Definitely, do what works for you at that time.

------
onion2k
_But... it 's not the 100% capacity I know I can exhibit._

That'll be the 100% capacity that you did for a while and it burnt you out,
right?

No one can work at "100% capacity" forever. You need to rest, to relax, and to
do things that aren't work and aren't "productive". That downtime is
recuperative and informative. As counterproductive as it might sound, taking
time away from your computer to do other things makes you a better developer.

Working at what feels like 90% all the time is better than working at 100% for
6 months and then working at 40% for the following 6 months when you're burnt
out.

------
Outdoorsman
This can be a crazy profession that will willingly chew people up...

Realize that....when money's to be made some will drive you until you can no
longer function....

There's a lot to life...part of it is fast-lane, part of it is slow-
lane...different parts have their purpose...

What matters is which lane is right for you right now...choose wisely, and
take care of yourself...

------
sharmi
If travelling is not your cup of tea, doing a little creative art work ( or
anything that can be done is a short time and have a tangible result to show
for it) can do wonders.

One of the causes of burnout is putting in long hours to finish something that
later amounts to nothing (because it never gets released or the end product is
much below your expectations). All work and no satisfaction.

In such cases, small work that can be accomplished in a few hours can give
back the oomph factor and infuse some energy into one's life. Glass painting
worked marvels for me. Nowadays I find it fun to just take my time and colour
a picture with crayons :) Yep I have kids.

A cross country hike or some carpentry maybe?

------
greeneyedpea81
I am currently in the same position you are in except with school.
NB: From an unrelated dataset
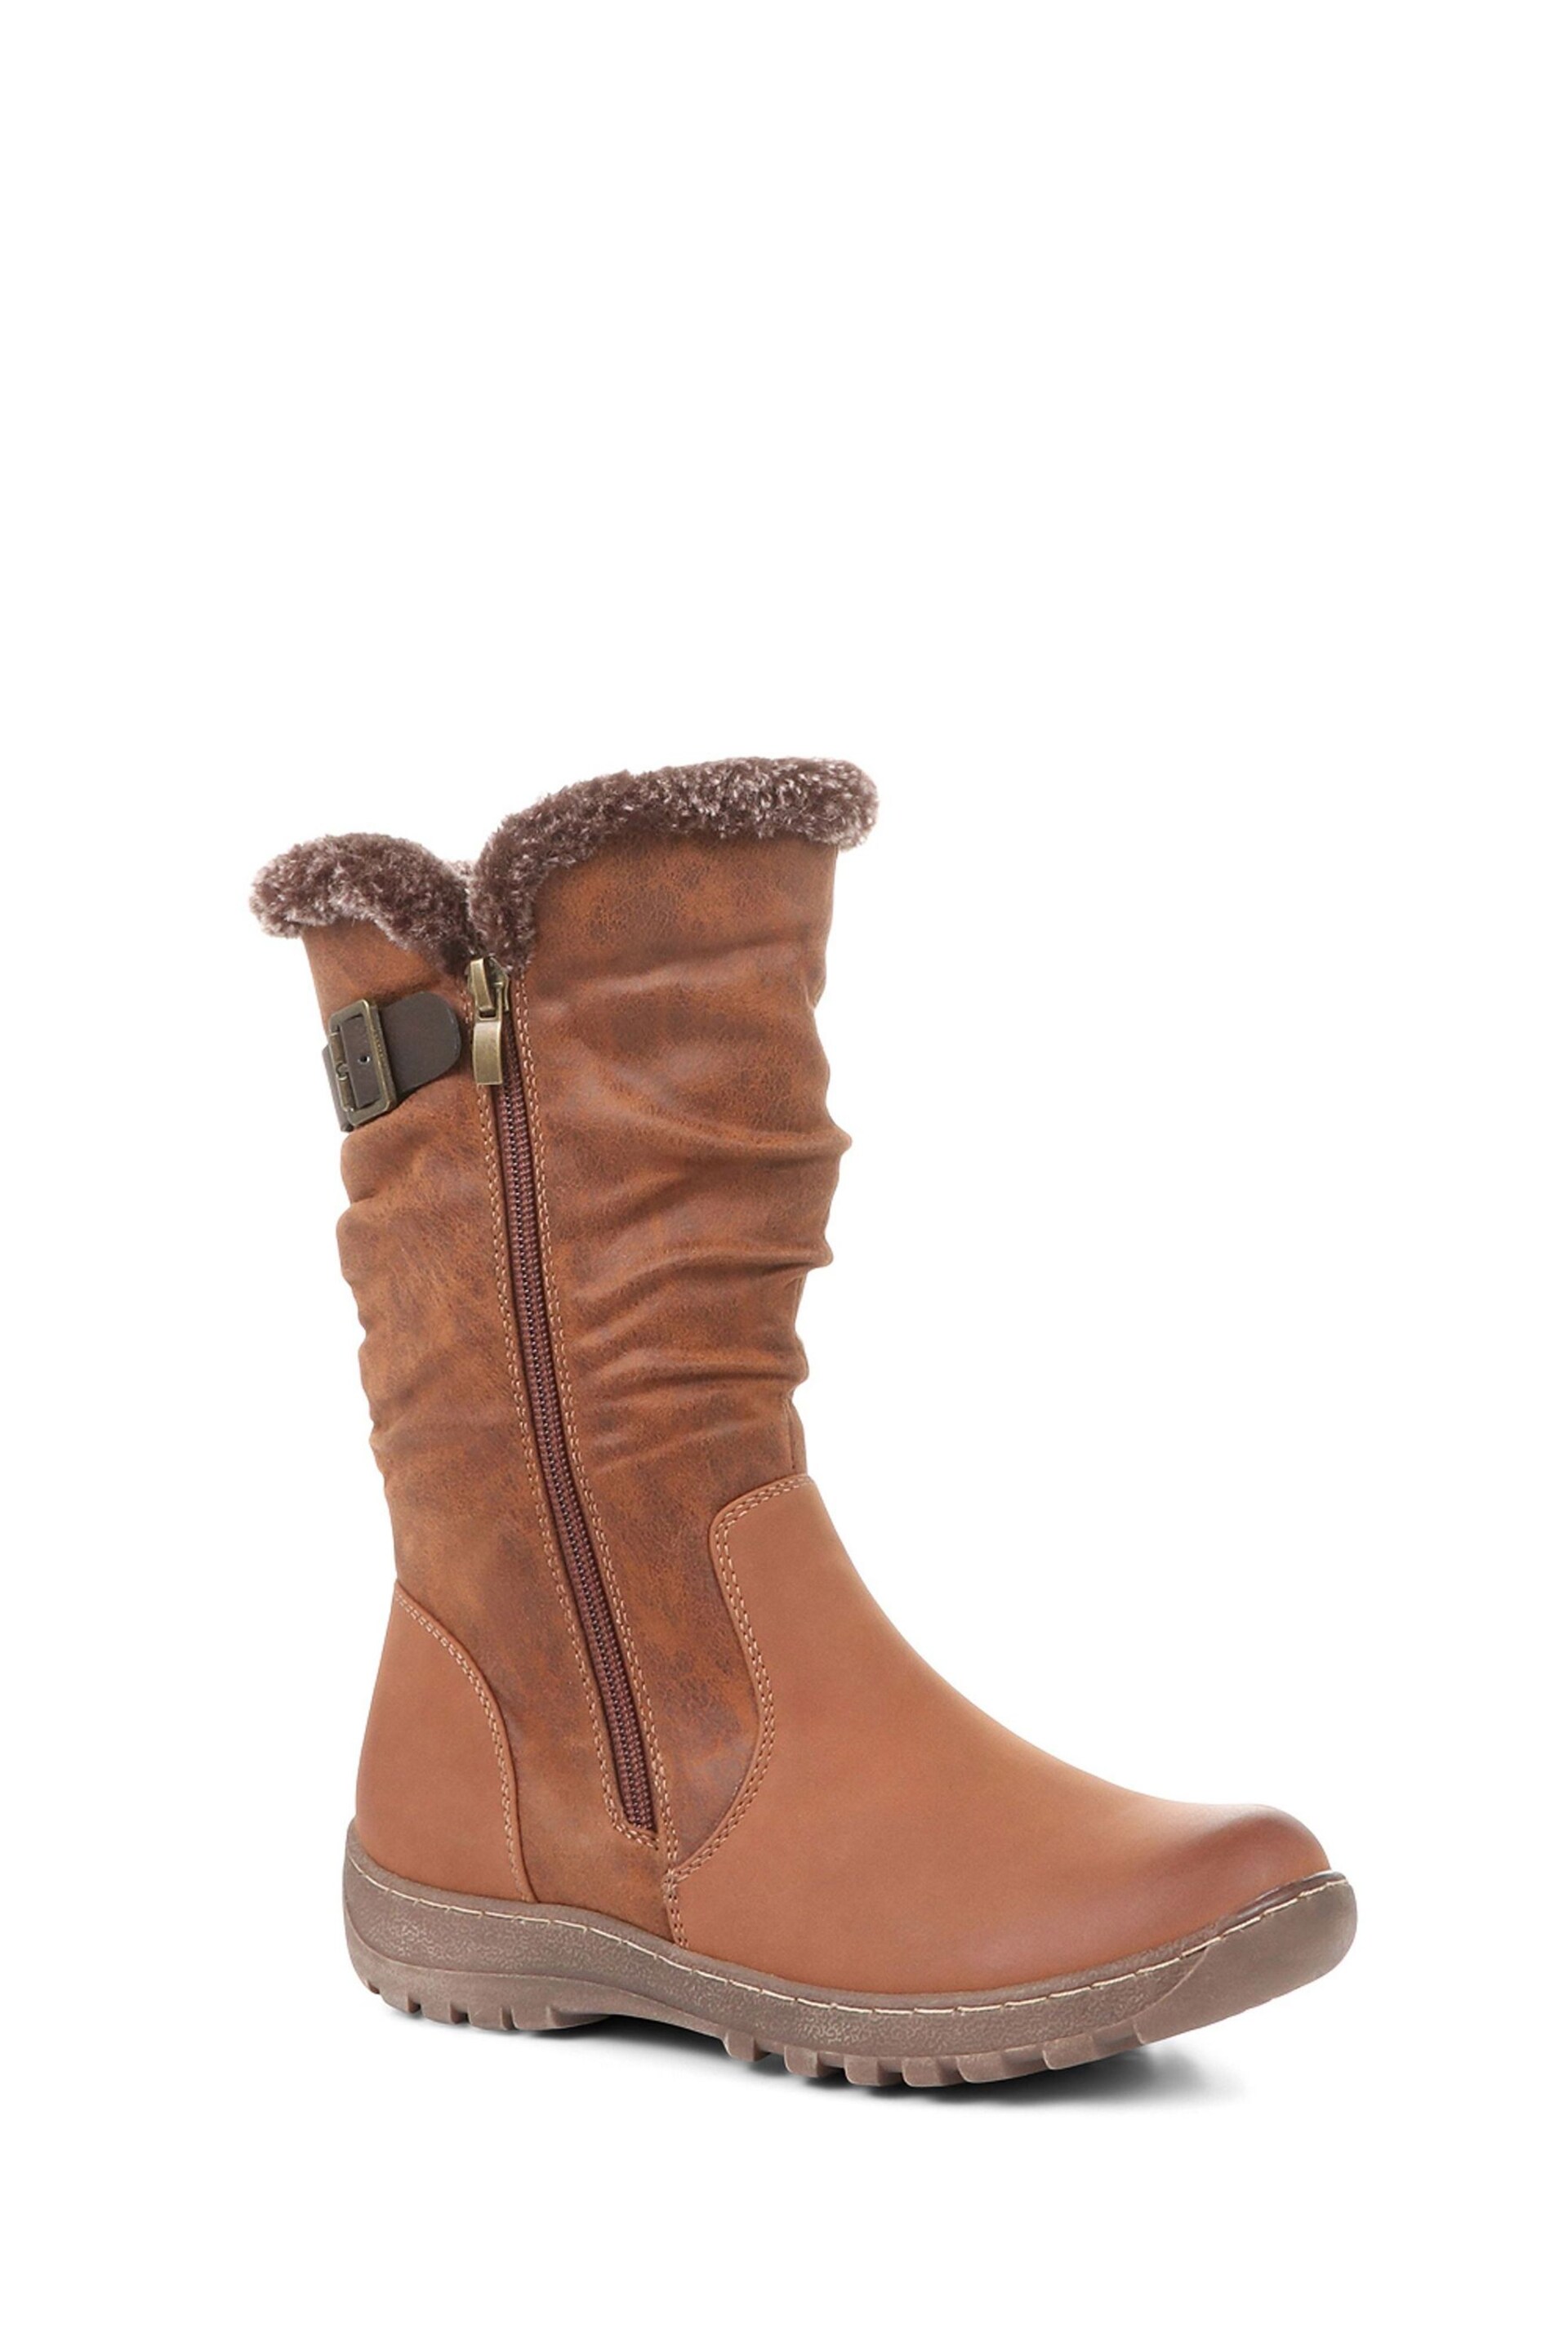 Pavers Lightweight Brown Calf Boots - Image 2 of 5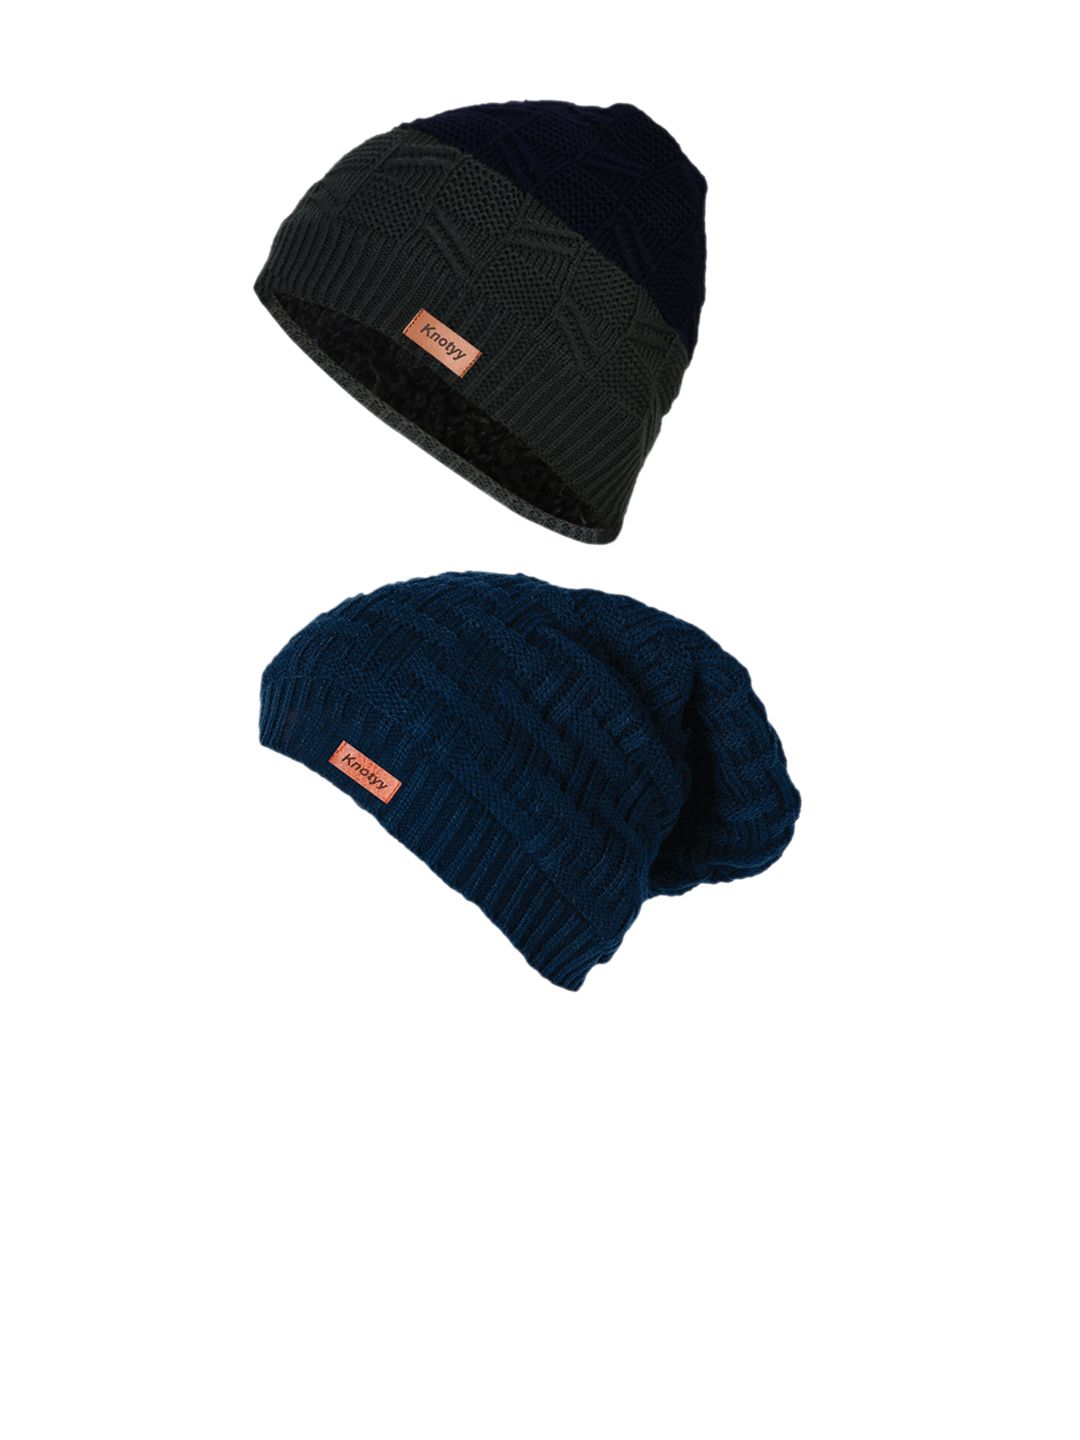 Knotyy Unisex Pack Of 2 Navy Blue & Grey Self Design Beanie Price in India

I love
learning but I am burned out from reading chapters on top of chapters and
writing "novels". My brain is definitely on strike and the quality of work I
am producing is not the best. Not to mention, I am averging about 3 to 4 hours
of sleep a night.

I decided to take a break for a few months after this last class I am in. I
did not want to, however at this point it is very necessary. I can't wait to
just do nothing for a day or two.

I hope you find balance and are able to find some time to step away from
everything to reset.

------
cabraca
you are like a battery. if you need to work 100%, you also need time to
recharge. take a vacation, without laptop, without phone, far away from tech.
take some friends with your and just clear your head.

------
911
same